Biographie[modifier | modifier le code]

Albert Marceau Triboulet est né le 29 octobre 1901 à Briançon de l’union de Gilbert Triboulet, gendarme et de Marie Albert institutrice. Il est l'ainé de la fratrie, Roger est né en 1903 Gilberte en 1907, Isabelle en 1905 et Marc en 1910, ces deux derniers mourront durant leur enfance. Son père a participé à la Grande Guerre et a été gazé en 1915. Sa mère est nommée officier d’académie en 1924 après avoir reçu des honneurs locaux pour avoir été une institutrice dévouée.

Equipe de football d'Albert Triboulet dans un lycée

Il est issu d’un milieu familial progressiste et orienté à gauche. Son père était en effet trésorier de la section SFIO de Briançon en 1929 mais aussi Franc Maçon. Sa mère était membre du bureau de bienfaisance de Briançon. La famille triboulet ne voulait pas se réduire à son groupe social. La pratique du violon et de la flûte illustre cette volonté émancipatrice car la pratique de la musique était réservée aux classes aisées. Grâce à des photographies retrouvées, nous savons qu’il a également pratiqué le football et la randonnée dans les montagnes.

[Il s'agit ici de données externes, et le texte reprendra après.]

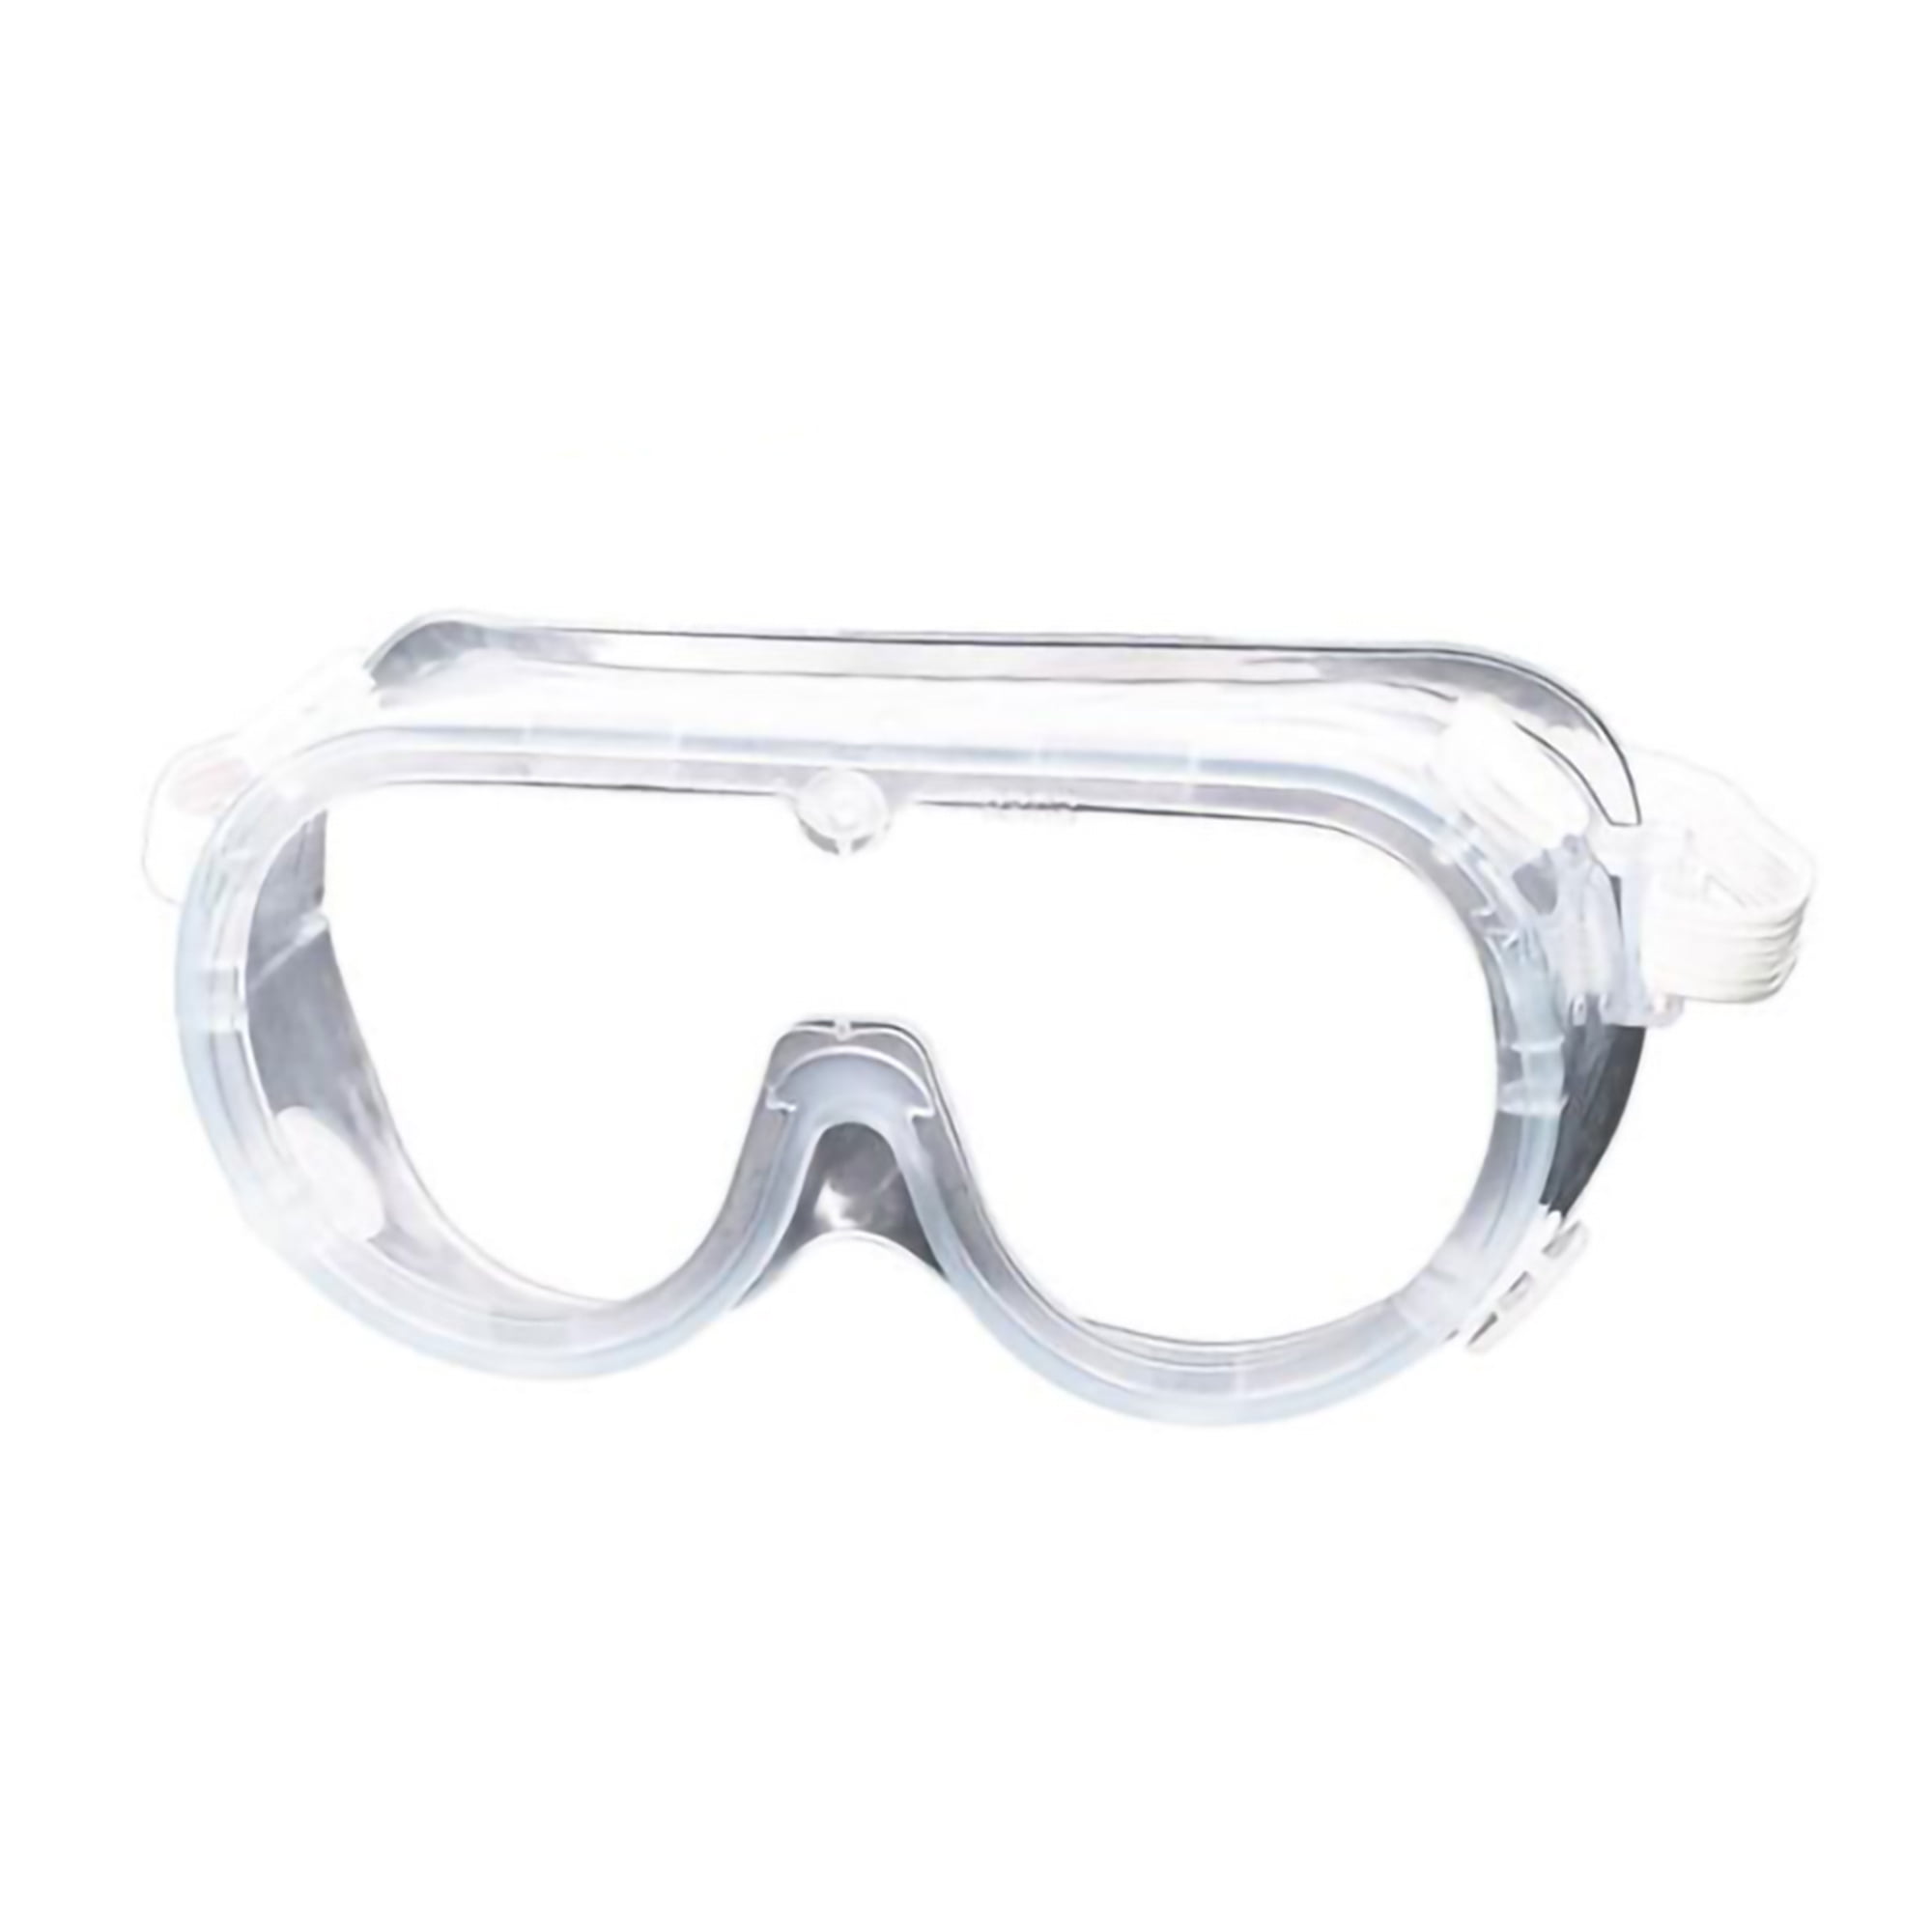 New Eye Protection Anti Fog Clear Protective Safety Glasses For Lab Outdoor Work 
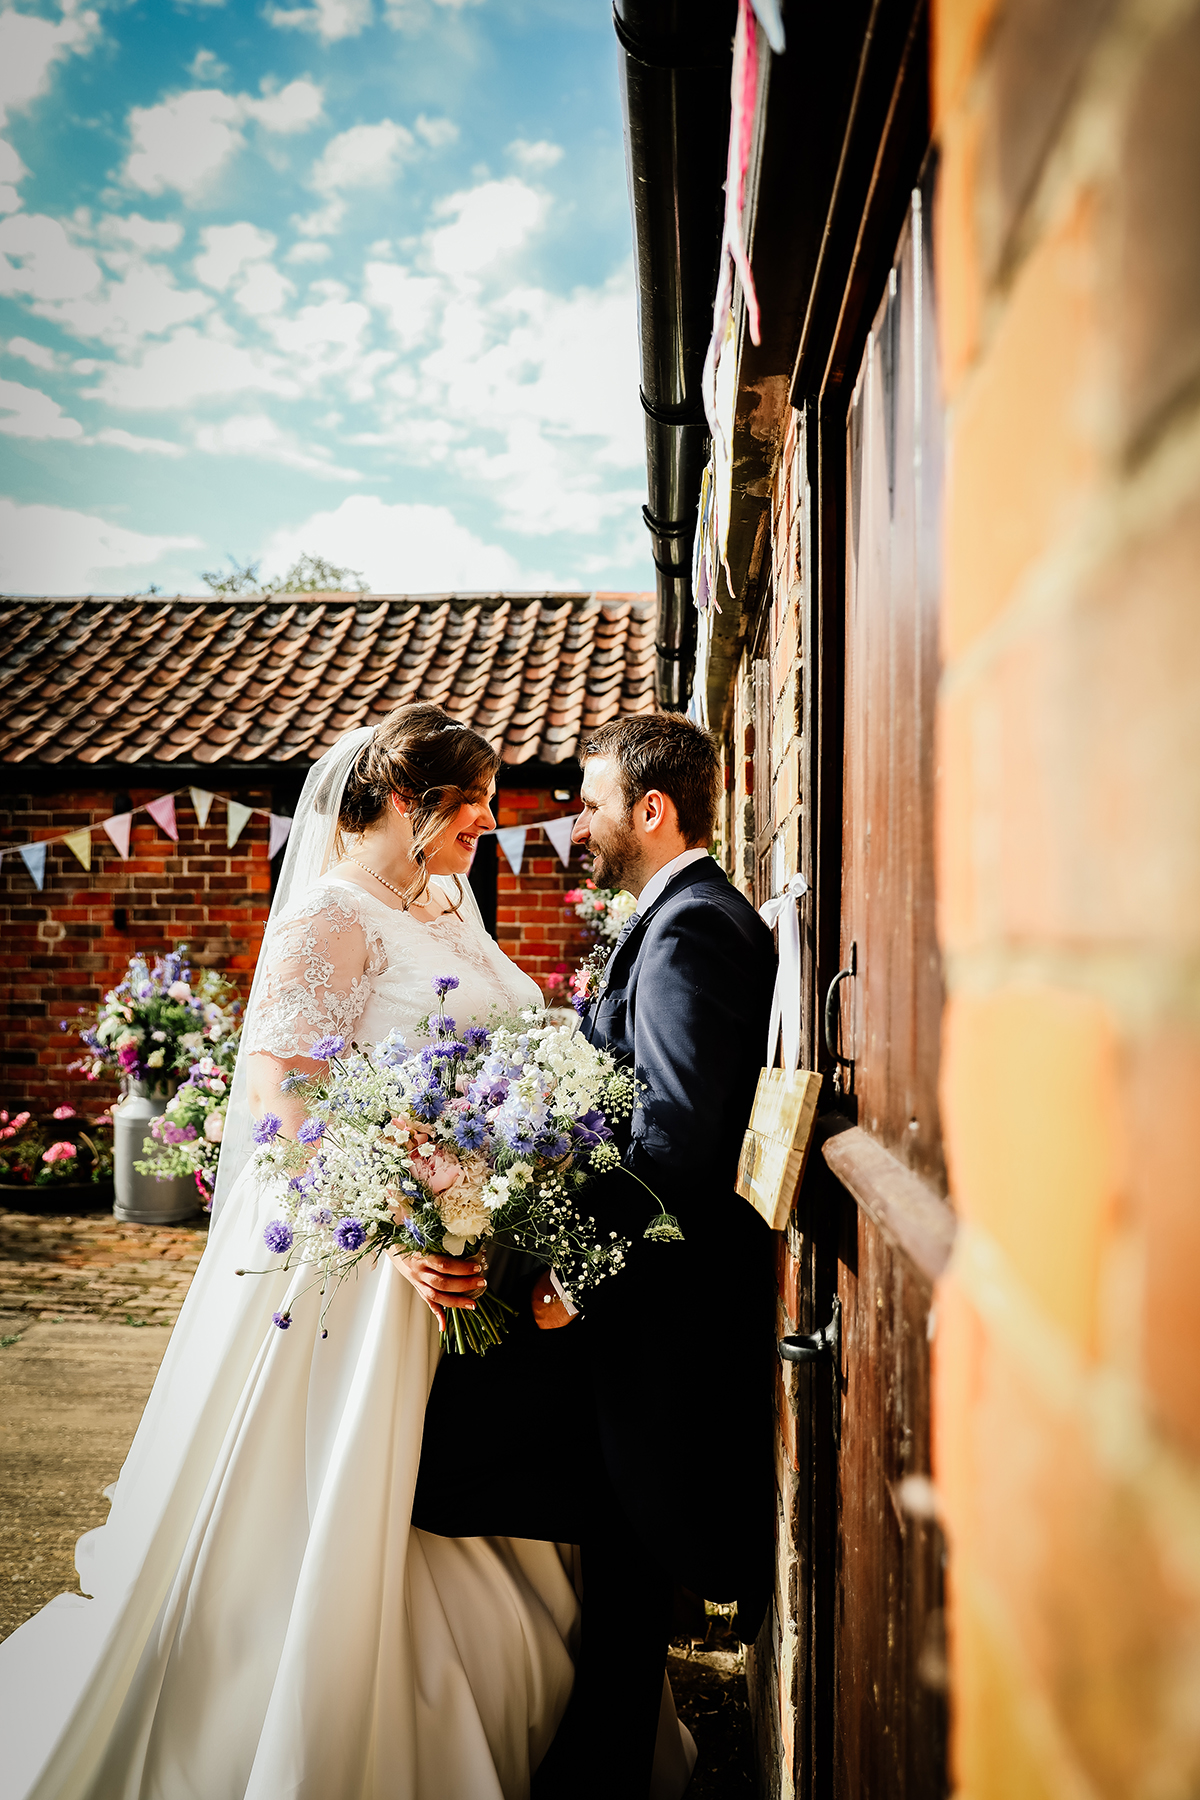 Lincolnshire Wedding Photographer - Louth Wedding Photographer - Church Wedding - Garden Party Wedding Photography - North Lincolnshire Wedding Photographer

Il a reçu une bourse qui lui a permis d’intégrer le collège de Briançon[1], un établissement secondaire. Il possédait donc un très bon niveau scolaire. Il a obtenu le baccalauréat de latin, langue vivante, philosophie en juillet 1920[2]. Il obtient ensuite une licence de lettres d’italien à l’université de Grenoble où il va devenir Maître d'internat en 1924 au lycée Champollion. Il quittera, par la suite, ce métier pour arriver à Romans-sur-Isère dans un contexte de tensions politiques et sociales à l'aube des années 1930. Albert se mariera le 14 avril 1936, avec Sarah, Élise Boucher à Grenoble et ils donneront naissance à Lise Marie Triboulet en 1942.

Albert avec sa fille Lise

Il sera ensuite mobilisé dans le troisième bataillon du 440e régiment de pionnier durant la seconde guerre mondiale, et nommé Sergent-chef en novembre 1939. Il sera rendu à la vie civile en juillet 1940. Par la suite, il entamera son parcours de résistant en y entremêlant sa carrière d’enseignant. À la fin du mois de juillet, au plus fort de la bataille du Vercors, il sera fait prisonnier au barrage de Saint-Just-de-Claix. Albert Triboulet sera fusillé fin juillet début aout 1944 avec neuf autres maquisards, dans le parc du château de Saint-Nazaire-en-Royans. Il sera considéré comme résistant après sa mort et sa fille deviendra pupille de la nation en 1946. Des hommages lui seront rendus et le collège classique de Romans-sur-Isère, où il était professeur prendra son nom : Le Collège Albert TRIBOULET.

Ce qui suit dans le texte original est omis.